Department of Health Information Technology and Management, School of Allied Medical Sciences, Shahid Beheshti University of Medical Sciences, Tehran, Iran.
Department of Radiology, Baqiyatallah University of Medical Sciences, Tehran, Iran.
J Med Internet Res. 2021 Apr 26;23(4):e27468. doi: 10.2196/27468.
Owing to the COVID-19 pandemic and the imminent collapse of health care systems following the exhaustion of financial, hospital, and medicinal resources, the World Health Organization changed the alert level of the COVID-19 pandemic from high to very high. Meanwhile, more cost-effective and precise COVID-19 detection methods are being preferred worldwide.
Machine vision-based COVID-19 detection methods, especially deep learning as a diagnostic method in the early stages of the pandemic, have been assigned great importance during the pandemic. This study aimed to design a highly efficient computer-aided detection (CAD) system for COVID-19 by using a neural search architecture network (NASNet)-based algorithm.
NASNet, a state-of-the-art pretrained convolutional neural network for image feature extraction, was adopted to identify patients with COVID-19 in their early stages of the disease. A local data set, comprising 10,153 computed tomography scans of 190 patients with and 59 without COVID-19 was used.
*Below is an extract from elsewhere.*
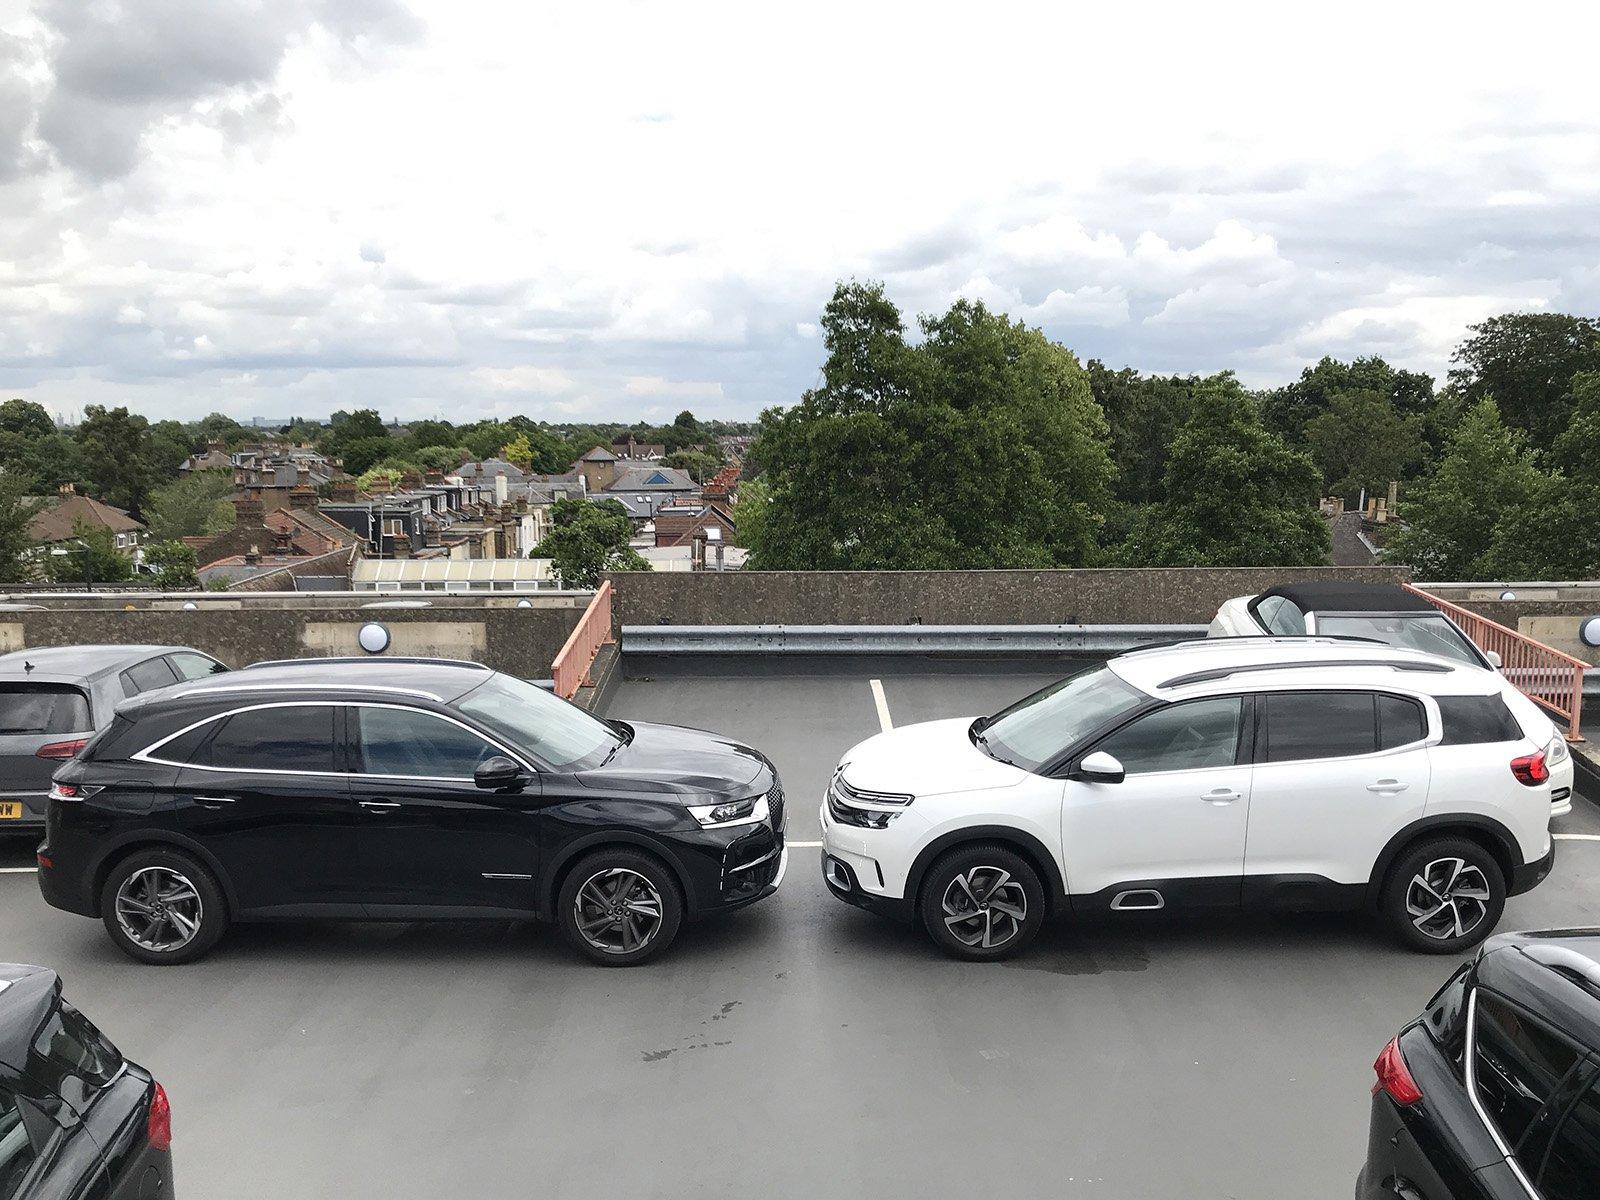 Citroën C5 Aircross long-term test

After fitting on the training data set, hyperparameter tuning, and topological alterations of the classifier block, the proposed NASNet-based model was evaluated on the test data set and yielded remarkable results. The proposed model's performance achieved a detection sensitivity, specificity, and accuracy of 0.999, 0.986, and 0.996, respectively.
The proposed model achieved acceptable results in the categorization of 2 data classes. Therefore, a CAD system was designed on the basis of this model for COVID-19 detection using multiple lung computed tomography scans. The system differentiated all COVID-19 cases from non-COVID-19 ones without any error in the application phase. Overall, the proposed deep learning-based CAD system can greatly help radiologists detect COVID-19 in its early stages. During the COVID-19 pandemic, the use of a CAD system as a screening tool would accelerate disease detection and prevent the loss of health care resources.
由于 COVID-19 大流行以及在财政、医院和医疗资源耗尽后医疗系统即将崩溃,世界卫生组织将 COVID-19 大流行的警戒级别从高调整为非常高。与此同时,全球更倾向于使用更具成本效益和更精确的 COVID-19 检测方法。
基于机器视觉的 COVID-19 检测方法,特别是在大流行早期作为诊断方法的深度学习,在大流行期间受到了高度重视。本研究旨在通过使用基于神经搜索架构网络(NASNet)的算法设计一种高效的 COVID-19 计算机辅助检测(CAD)系统。
NASNet 是一种用于图像特征提取的最先进的预训练卷积神经网络,用于识别 COVID-19 早期患者。使用局部数据集,包含 190 名 COVID-19 患者和 59 名非 COVID-19 患者的 10153 次计算机断层扫描。
在对训练数据集进行拟合、超参数调整和分类器块拓扑改变后,在测试数据集上评估了基于 NASNet 的模型,并取得了显著的结果。该模型的性能达到了 0.999 的检测灵敏度、0.986 的特异性和 0.996 的准确性。
该模型在 2 类分类中取得了可接受的结果。因此,基于该模型设计了一个用于 COVID-19 检测的 CAD 系统,使用多个肺部计算机断层扫描。在应用阶段,该系统能够将所有 COVID-19 病例与非 COVID-19 病例区分开来,没有任何错误。总体而言,基于深度学习的 CAD 系统可以极大地帮助放射科医生在早期发现 COVID-19。在 COVID-19 大流行期间,使用 CAD 系统作为筛查工具可以加速疾病检测并防止医疗资源的损失。